Sean at The American Mind finds someone older.
After a long and fruitful career, 79-year-old master’s degree graduate Herbert Baum has returned to the University of Chicago to earn his Ph.D. The oldest person ever to be awarded a doctorate by the University, Baum will receive the degree in economics Friday, Aug. 25.
Congratulations, Dr. Baum! May we all have such a love of learning at that age. And Katie at A Constrained Vision notes his committee includes James Heckman, Milton Friedman and Gary Becker, all Nobel winners. You can bet that this is no honorary title.

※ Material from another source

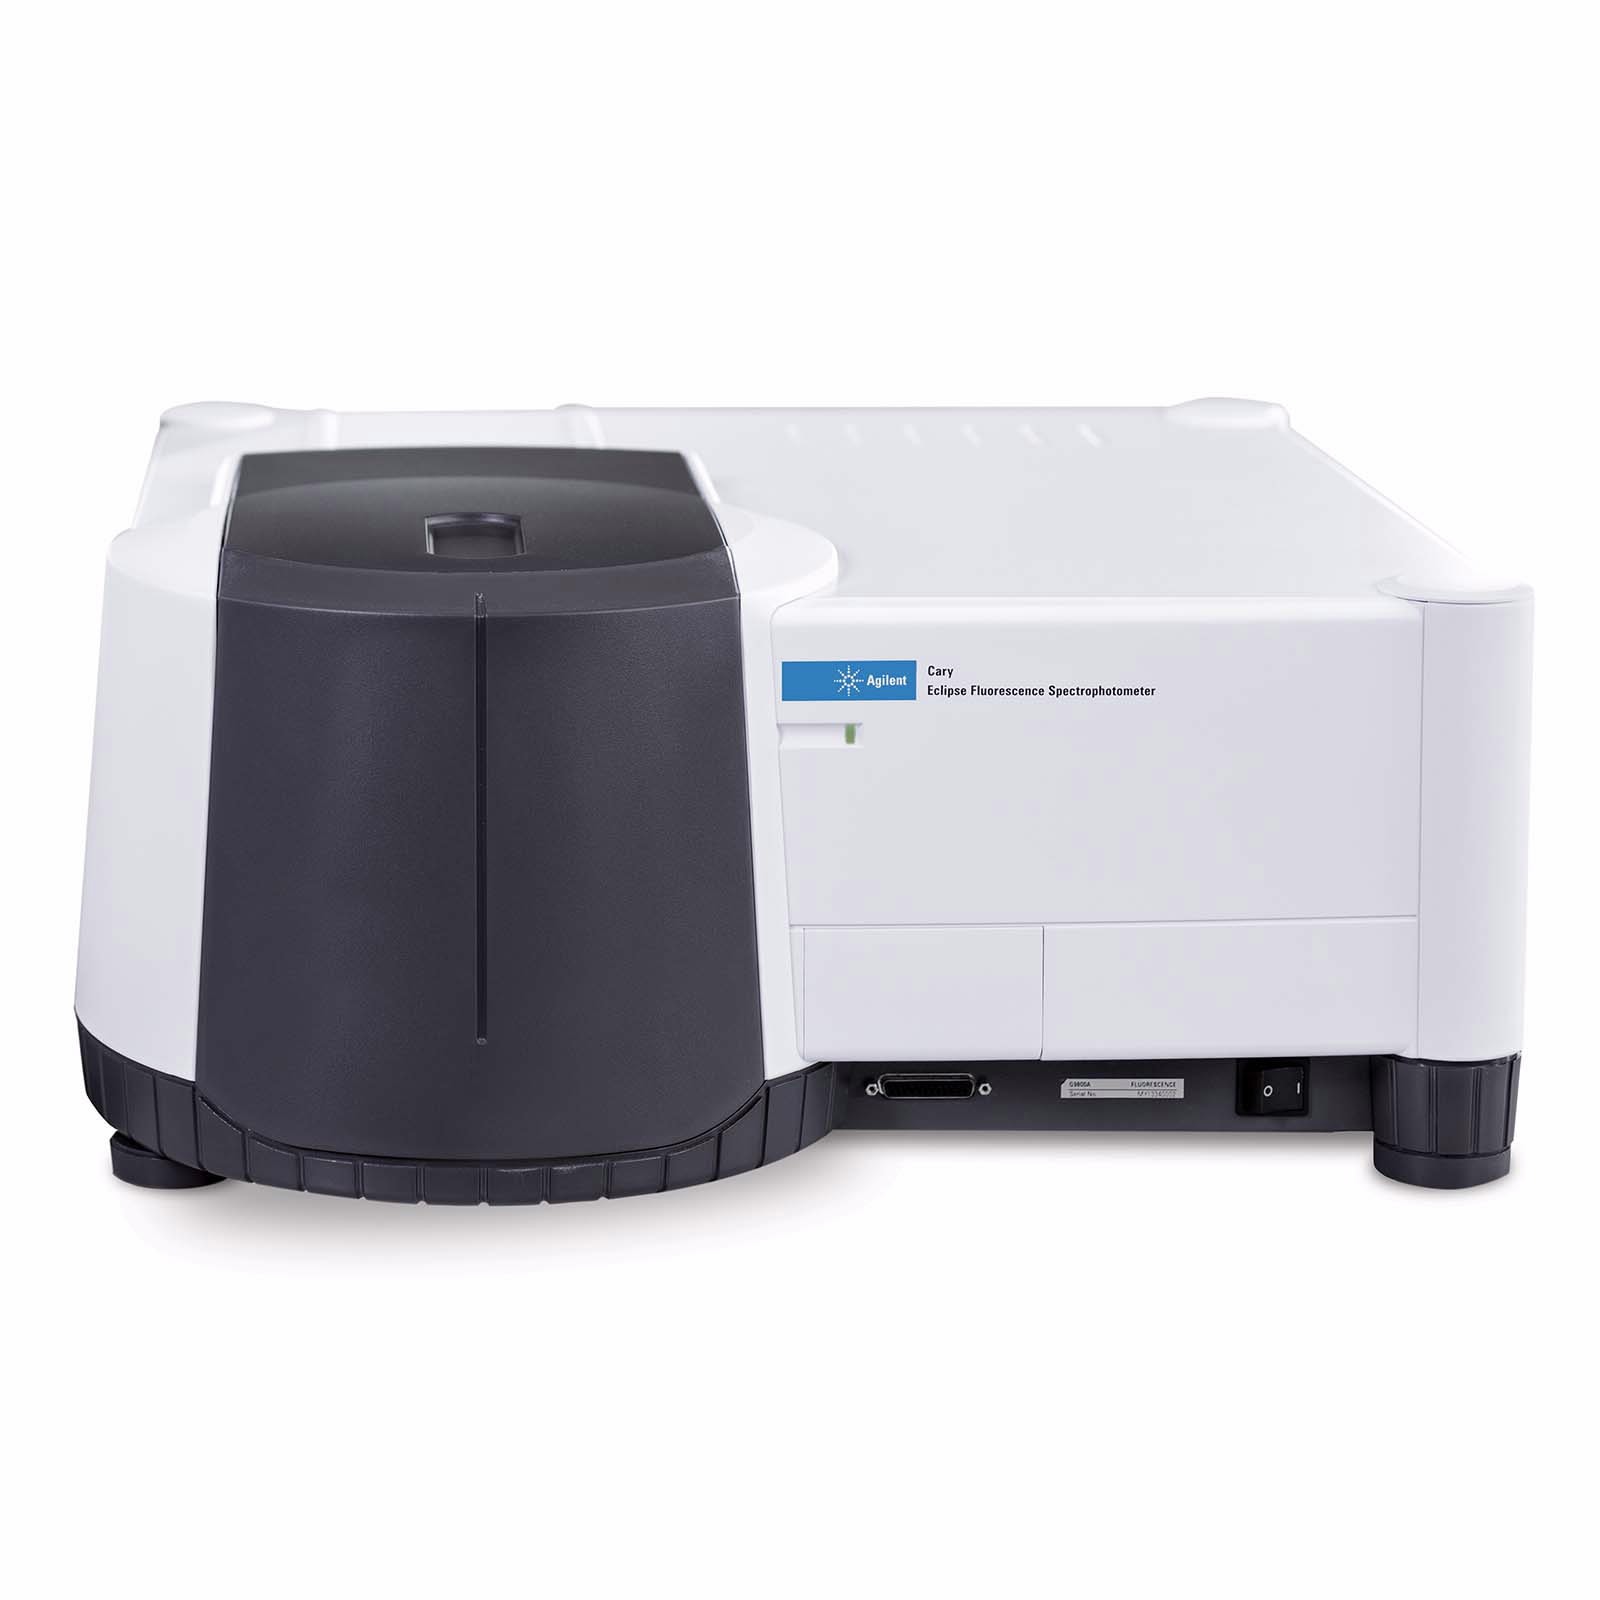 Cary-eclipse-fluorescence-spectrophotometer-agilent_zoom

Wednesday, August 23, 2006

Textbook windbaggage 

I hate to do this, since I know about half the editorial board of the Times on a first-name basis, but today's was a little too much for me to resist. After running an article Monday on textbook costs, the paper predictably ran an editorial lamenting high prices for stuff people buy. (Worth noting: People also lament low prices for stuff they sell. Ask a farmer.)

So what to do?

There is a national movement known as Make Textbooks Affordable. Among its efforts are working with student governments to do just that. Make Textbooks Affordable lists on its Web site about two dozen universities where student governments have passed resolutions supporting affordable textbooks.

As of Tuesday, no Minnesota schools were listed as either passing such a resolution or working to achieve that. Perhaps St. Cloud State University could become a leader of this effort in Minnesota. Such a resolution can send a strong message that students are serious about lowering costs.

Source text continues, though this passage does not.